In 1998, Variety acknowledged that the Toronto International Film Festival “is second only to Cannes in terms of high-profile pics, stars and market activity.” Roger Ebert has also said that “although Cannes is still larger, Toronto is more useful and more important….”

Toronto is essentially a preview of which Independent to mid-sized film releases might be big in the next five months. The festival is considered a launch pad for many studios to begin “Oscar-buzz” for their films.

How do I know that you should see these movies? Well, in most cases I don’t. I have seen some press screenings of a couple of the films listed below (Valley of Elah, My Kid Could Paint That…) and can personally recommend them. But for the most part, I have no idea. I have cobbled this list from an exhaustive day of research. Some of the films I chose because of the director, writer, or cast. Others because of the plot synopsis.

When a review was available, I read it. If a trailer was available, I watched it. I’ve included films that were recommended to me by trusted friends. Some films that I missed but were highly reviewed at the 2007 Sundance Film Festival (Son of Rambow, The Savages).

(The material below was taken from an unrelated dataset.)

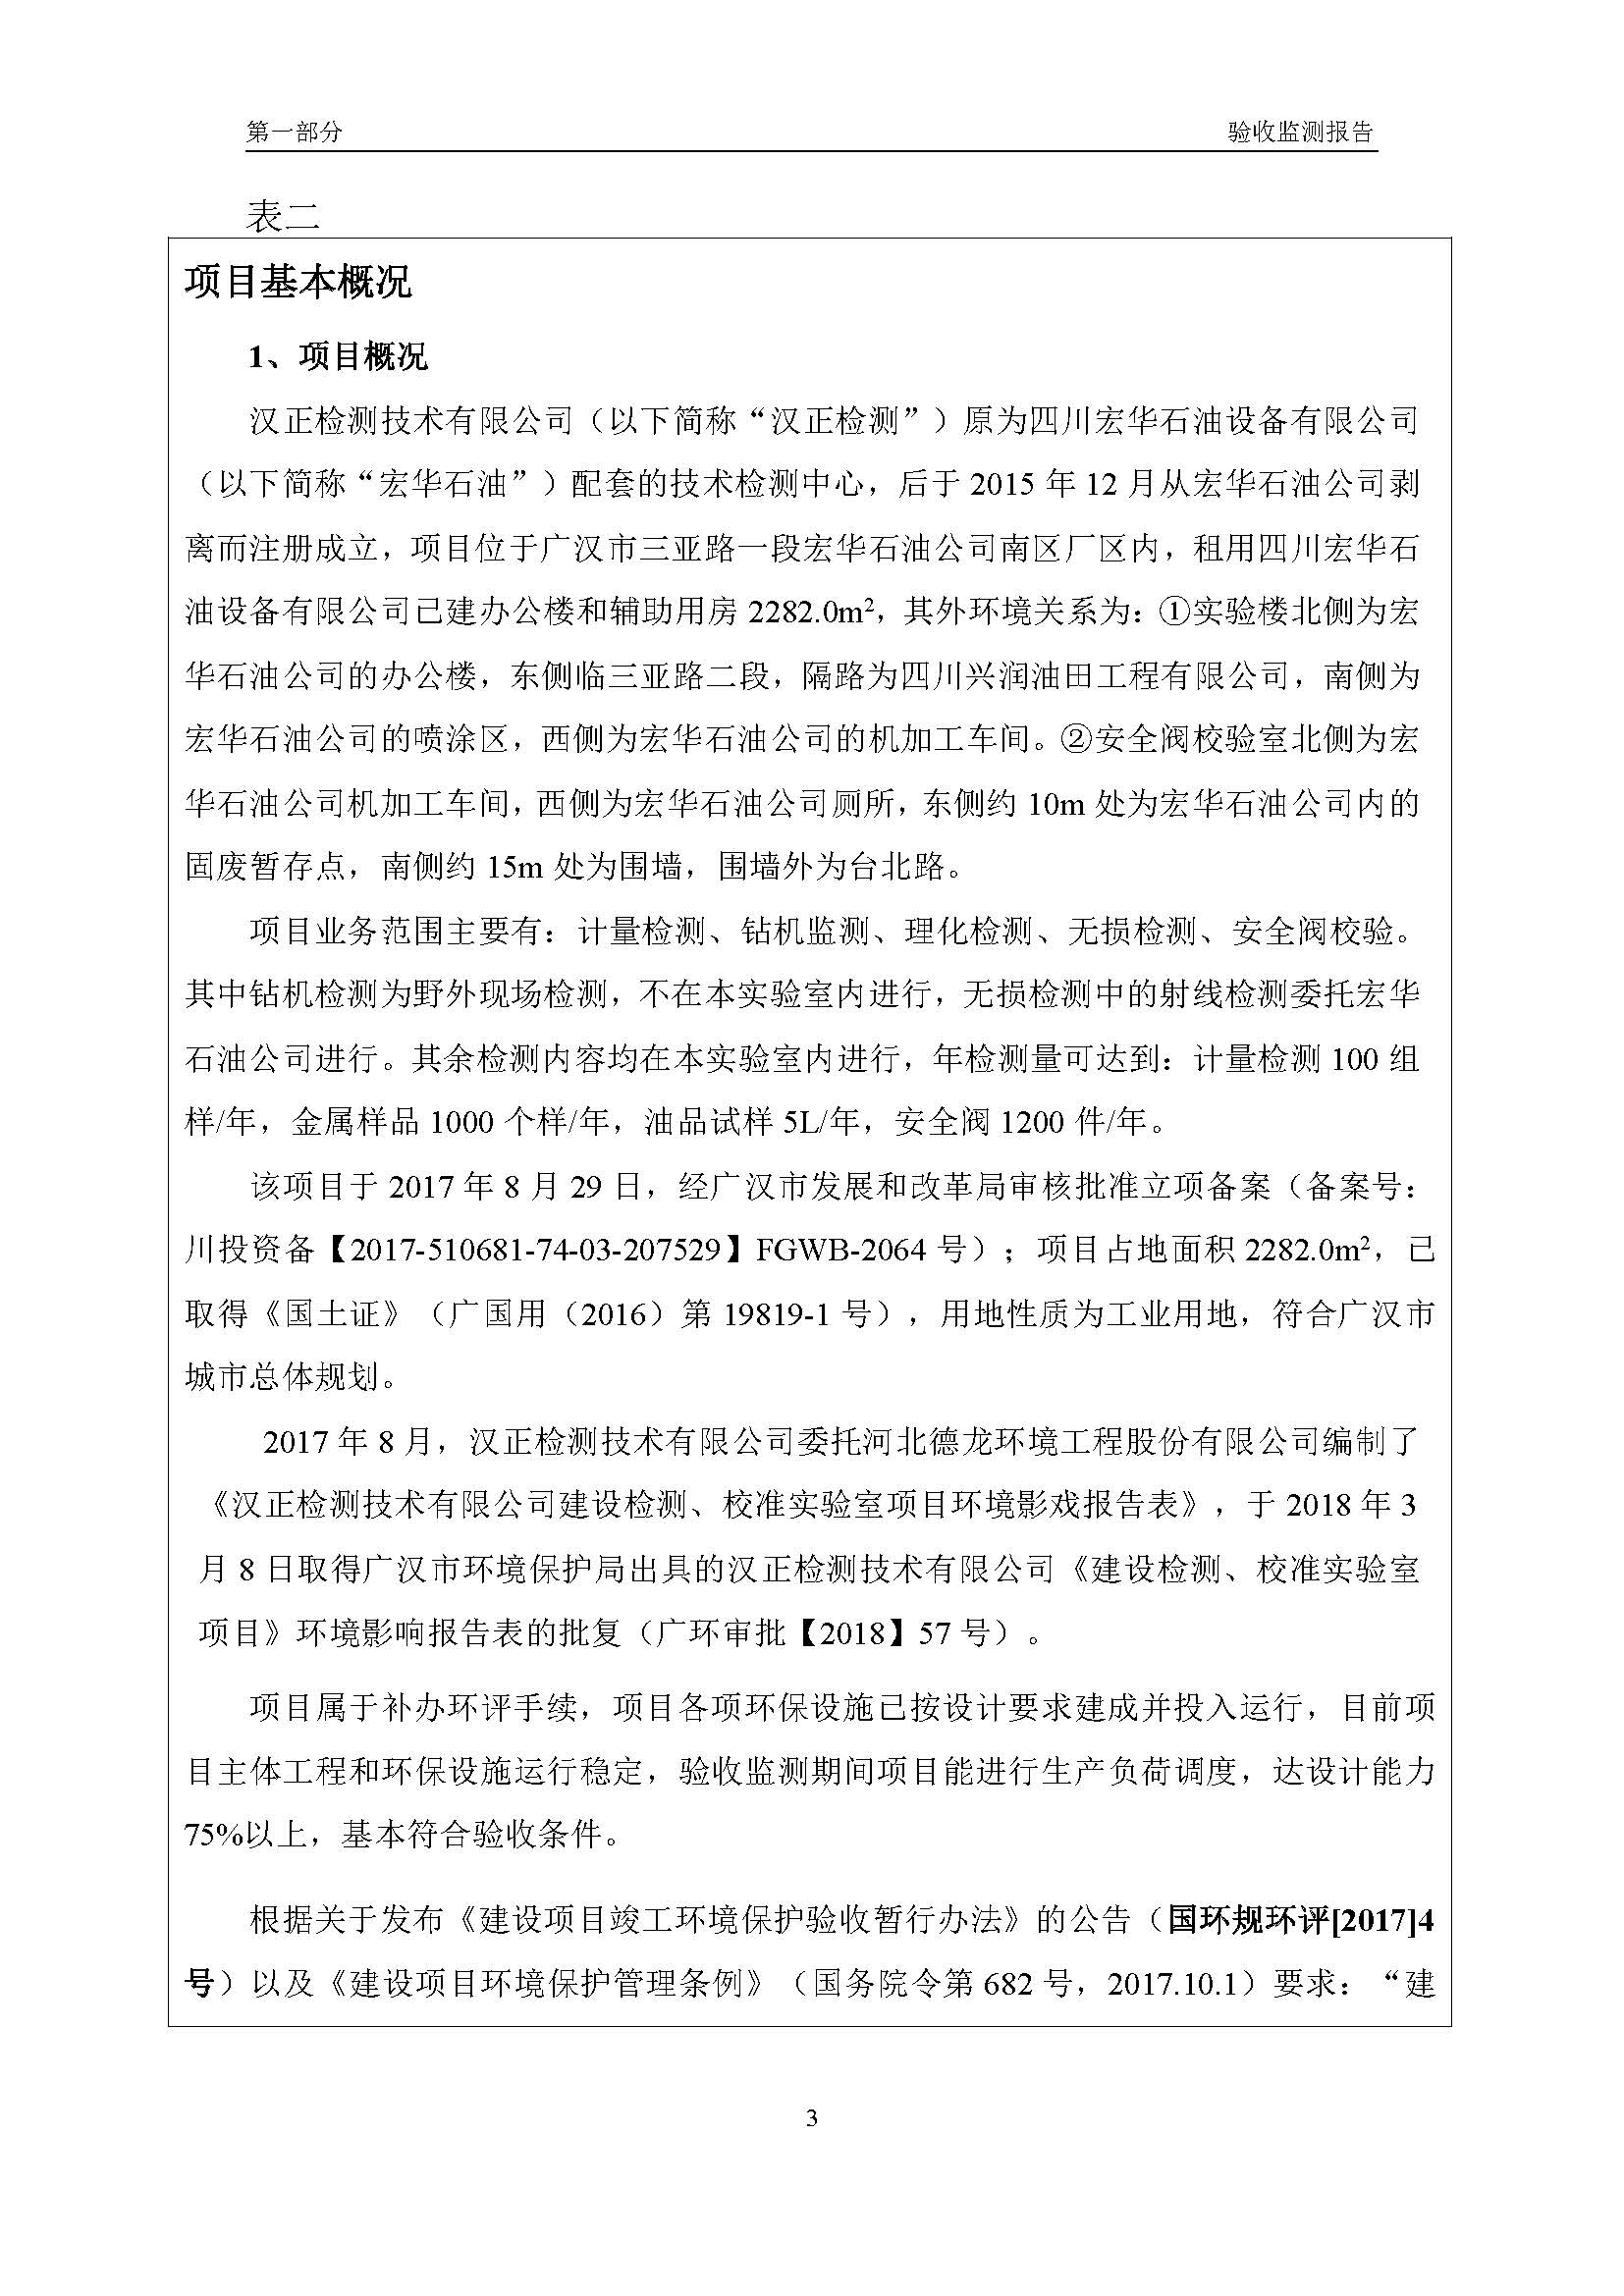 汉正检测环评验收报告 2018.05.31_页面_05.jpg

I must offer this disclaimer: I tend to be attracted to American, British and Japanese cinema to a fault. I do have a handful of picks outside my comfort realm, but if you’re looking for more “Worldly” selections, you might have to look elsewhere.

It should also be noted that some of the films (especially in the Gala and special presentation sections) will hit theaters within the next two months. Some films even hit theaters days within the festival’s conclusion. I put these movies on the list because they are movies of interest. But you, like me, might want to hold off on some of these flicks until they hit your city next month. For me, there are some films that I won’t be able to resist like Across The Universe and No Country for Old Men. I know they come out sooner rather than later, but I need to see them sooner. I’ve noted the release dates of films that are opening in the next two months, just so you have that information.

I’ll be at the festival for nine and a half days, so chances are, I won’t be able to see all of these films. The reality is, I won’t see even half of these films. I’ll be doing some interviews, so I’ve lowered my goal to around 30 movies, which most people would still consider extreme (that’s at least three movies each day of the festival).